岡本和真にとっての「追い風」 村上交渉の行方とFA市場停滞
ここまで見てきたように、今オフのMLB移籍市場において、岡本和真は「村上のバックアップ」という位置づけで語られることが多くなっています。ただ、それは決してマイナスではなく、むしろ大きな追い風になり得る側面があります。
- 大砲アロンソ、シュワーバーが相次いで契約を決め、市場から消えたこと
- FAのビシェット、ブレグマンの交渉が停滞し、内野の大物補強が難航していること
- 村上の交渉期限(12月22日)が先に来る一方で、岡本の期限(1月4日)はその後に設定されていること
これらを踏まえると、
- 村上を本命として交渉する球団
- 村上を逃した際に、すぐに切り替えられる三塁手候補として岡本をリストアップしている球団
という二重構造が、今の市場には生まれています。
さらに、アロンソやシュワーバーの大型契約が、「大砲クラスの平均年俸の新たな物差し」になったことで、日本人スラッガー2人の条件交渉にも好影響(追い風)があると分析されています。
J SPORTSは、「2人の和製スラッガーが今後契約交渉を加速させる過程で、アロンソ、シュワーバーの大型契約は好条件の契約に追い風になる」と指摘しており、これは村上だけでなく、岡本にとっても同様です。
今後の焦点 「村上の決断」と「岡本シフト」のタイミング
最後に、今後のポイントを整理しておきます。
- 12月22日(日本時間23日)までに村上宗隆の移籍先が決まるか
- 村上がメッツなど有力視される球団と大型契約を結ぶのか、それとも条件面で折り合わず日本に残留するのか
- 村上を逃した球団が、どのタイミングで岡本和真に「一気にシフト」するのか
- FAのビシェット、ブレグマンらの交渉が本格化するのが先か、それとも日本人スラッガーへの動きが先に加速するのか
こうした複数の要素が絡み合う中で、岡本和真は、
- 三塁手補強を急ぎたい球団にとっては「第一候補」
- 村上を本命とする球団にとっては「極めて魅力的な次善の策」
という二つの顔を持つ存在になっています。
いずれにしても、ウインターミーティング閉幕後の今は、各球団が一度足を止めて戦力構成と予算を練り直すタイミングです。
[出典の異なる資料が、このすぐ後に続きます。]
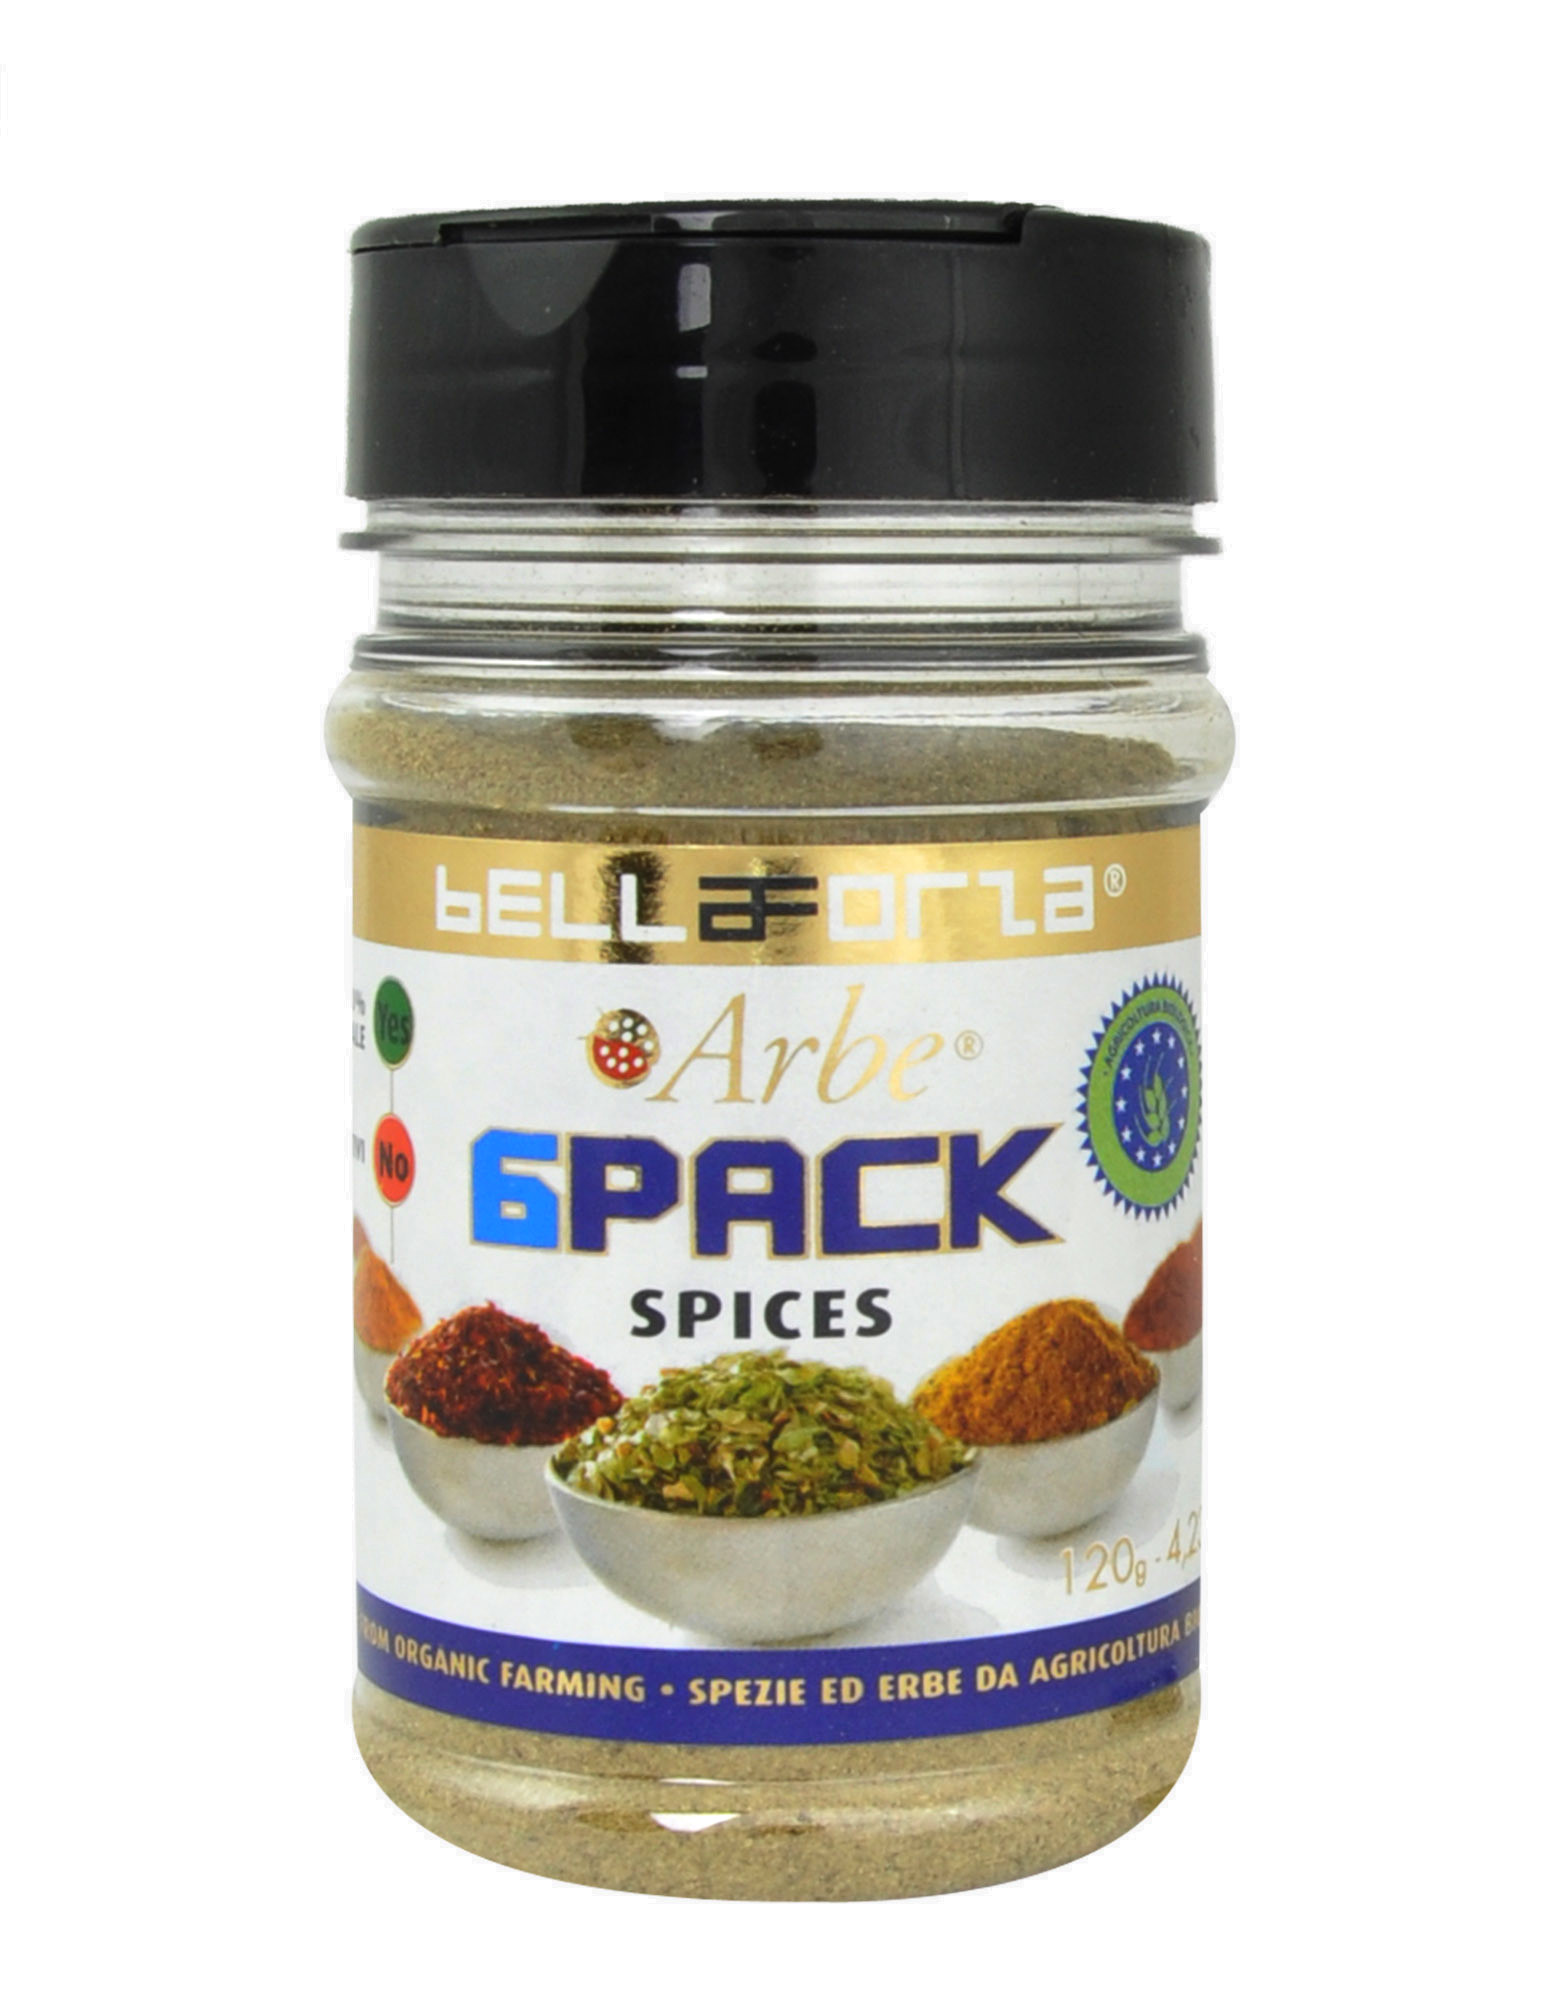 Bella Forza 6pack Spices Par Arbe 120 Grammes

その静かな“間”の中で、代理人や球団幹部たちは、あのオーランドのホテルで交わされた会話や、「もう一歩踏み込めなかった後悔」を思い返しながら、年末から年始にかけての決断に備えているはずです。
日本のファンにとっても、
- 村上宗隆がどの球団でどのような条件を勝ち取るのか
- 岡本和真が「バックアッププラン」を超えて、どこまで評価を高められるのか
という点は、今後数週間の最大の関心事と言っていいでしょう。双方の交渉期限がすべて終わる頃には、日米の移籍市場の構図が大きく変わっている可能性があります。その中心には、間違いなく岡本和真と村上宗隆、二人の日本人スラッガーの名前が刻まれているはずです。